Sunday, September 2, 2007

village voice - Runnin' Scared: A Brooklyn Principal Lost Her Job and Now She Wants Justice by Maria Luisa Tucker...

village voice > news > Runnin' Scared: A Brooklyn Principal Lost Her Job and Now She Wants Justice by Maria Luisa Tucker:

When asked what she does for a living, Joyce Saly tells people that she took an early retirement from her 39-year career in the New York City school system. The reality, however, was that she was forced out abruptly after a cheating controversy.

Saly was principal of P.S. 58, a thriving elementary school in Carroll Gardens, when she was blamed for a testing scandal and cut loose in April 2006. For a year and half, the energetic 60-year-old has been doggedly trying to prove her innocence and simultaneously take down her former assistant principal, who she says is the real culprit of a test day gone bad.

"I knew a grave injustice was done, and that was my whole purpose here—to discover what they had done and expose it," says Saly.

Largely because of Saly's determination, what started as a cheating scandal over a fifth-grade test has snowballed into multiple investigations of alleged favoritism, scapegoating, and cover-ups. More than a year and half later, two of the investigations that sprouted from a simple testing issue still have no conclusion. All this despite the fact that P.S. 58's fifth graders (now in seventh grade) were never asked to retake the test at the origin of the controversy.

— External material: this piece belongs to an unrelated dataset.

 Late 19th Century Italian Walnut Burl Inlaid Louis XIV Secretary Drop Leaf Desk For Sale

As usual, the kids' education (isn't that still the mission of the education department?) has been overshadowed by the bureaucratic quagmire of personnel disputes.

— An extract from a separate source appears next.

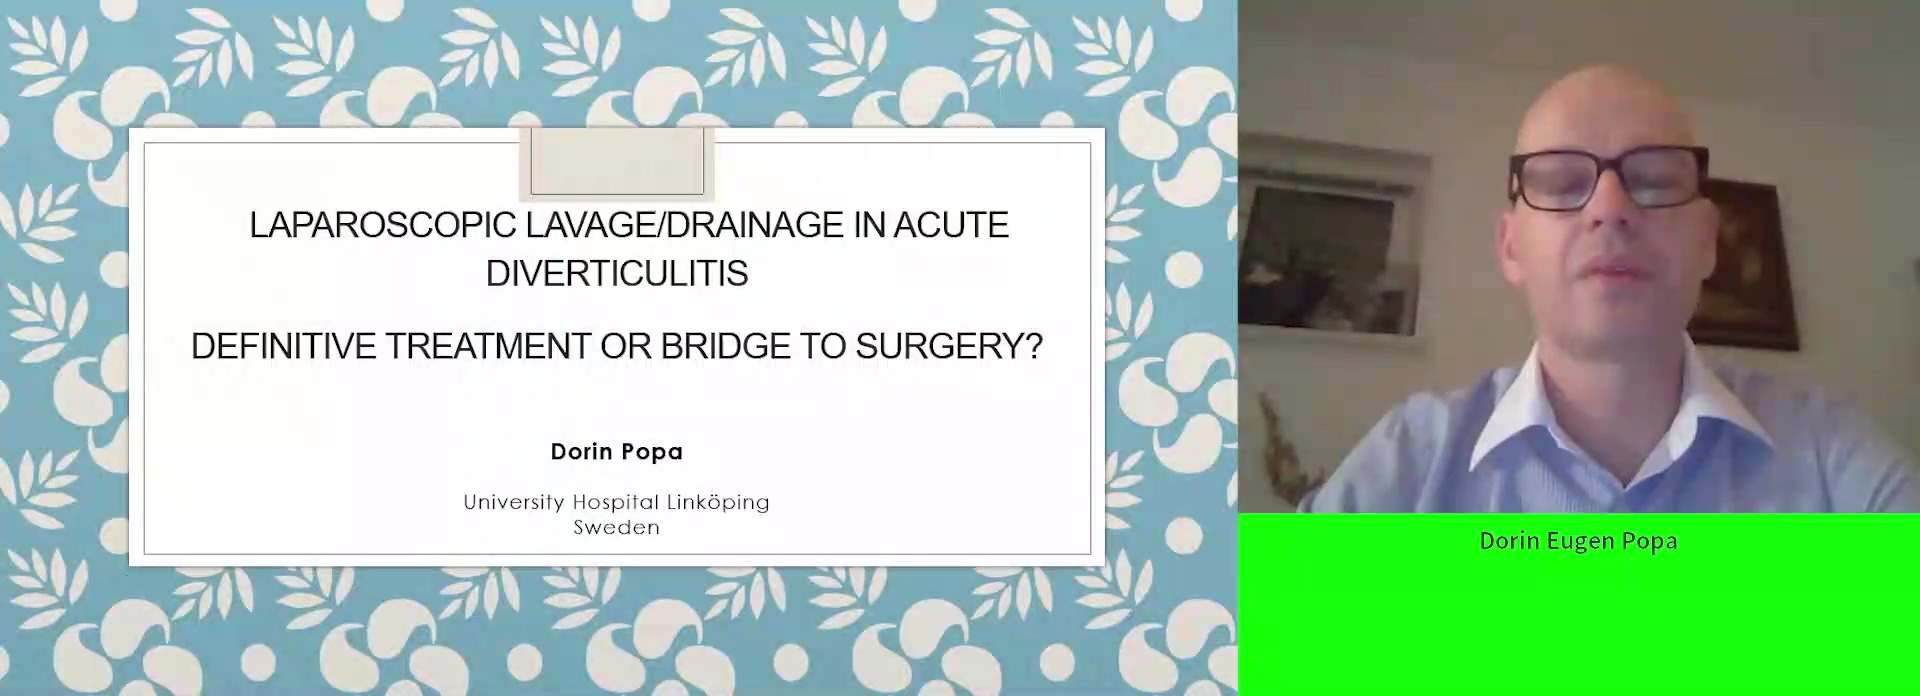 Laparoscopic diverticulitis and lavage/drainage: Definitive treatment or bridge to surgery?

Flash back to December 2005: Saly was out on medical leave. Filling in was assistant principal Patricia Peterson, who was also the test coordinator for the school. An important state exam was a month away, and parents were getting anxious. A teacher would later testify that she got Peterson's approval to send home copies of an old test as part of a fourth-grade practice exam. When Saly returned from medical leave in January, she claims she found a stack of similar fifth-grade practice tests on her desk. She distributed the copies dutifully, she says, not thinking that anything was amiss. By this time, Peterson, the assistant principal and test coordinator, had jumped ship—she left P.S. 58 for a pay raise as coordinator of the region's Gifted and Talented program.

When the big test day arrived in January 2006, students and teachers realized the questions on the exam were suspiciously familiar. As it turned out, the practice test that Saly had passed out, as well as the fourth-grade practice test given out weeks earlier, contained some of the exact same questions as the current exam. At best, it was a careless mistake during a chaotic time at the school; at worst, someone had attempted to artificially inflate the kids' grades by giving them a sneak peek at the test questions. The education department investigated and issued a report that blamed Saly. Despite a significant outcry from parents, Saly was forced to leave. The education department then declared the case closed.

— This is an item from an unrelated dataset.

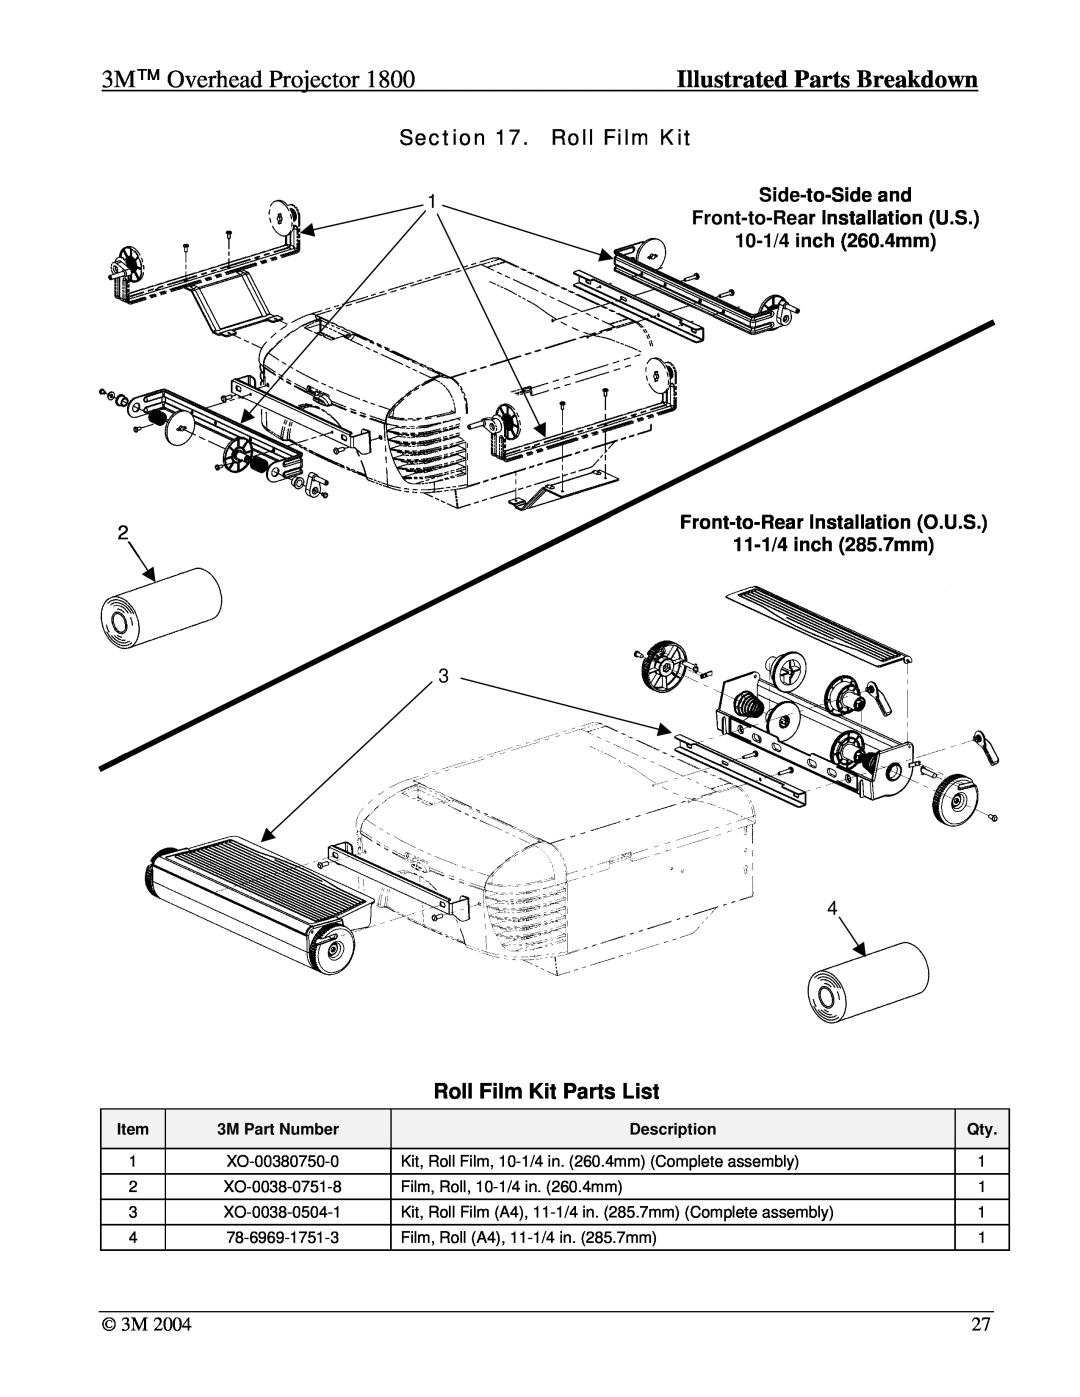 3M 1800 manual Roll Film Kit Parts List, 3M Overhead Projector, Illustrated Parts Breakdown

In the year and a half since her ouster, Saly has dug up documentation that, she says, proves her innocence. She has also tracked down records damning her second-in-command, Peterson, who was never investigated or punished for her role in the test snafu.

"They allowed [Peterson] to be above the law" because she was connected with higher-ups at the education department, says Saly. In fact, education-department records do suggest a pattern of preferential treatment. For example, Peterson was ushered into her new job in the Gifted and Talented program apparently without being technically qualified or even applying for the job. The education department has no record of Peterson's job application, and her appointment to the position was announced before the application period had ended, suggesting that she was allowed to bypass the selection process completely. Further, an e-mail from Human Resources explicitly stated that Peterson did not have the proper licensing for the job at the time of her appointment. Peterson did not return calls to her office seeking comment. (Since the regions were dissolved this summer, Peterson is now in a position at a Brooklyn learning center.)

Saly and a handful of her supporters repeatedly complained to the education department about these discoveries, as well as the inequity of the testing investigation, prompting two new investigations. According to an education-department spokesperson, investigators are looking into several claims: that the original investigation was done improperly; that Peterson did not have the proper licensing while she was an assistant principal; and that administrators allowed Peterson to bypass the regular selection process when they promoted her to a new job.

Saly says she expects to be exonerated next month, when she's been told that one of the investigations will finally conclude. The education department, however, won't confirm that time frame or comment on any of the allegations because they are, of course, part of an ongoing investigation. In the meantime, there's only one thing that the test-taking children of P.S. 58 could have possibly learned from all of this: school sucks.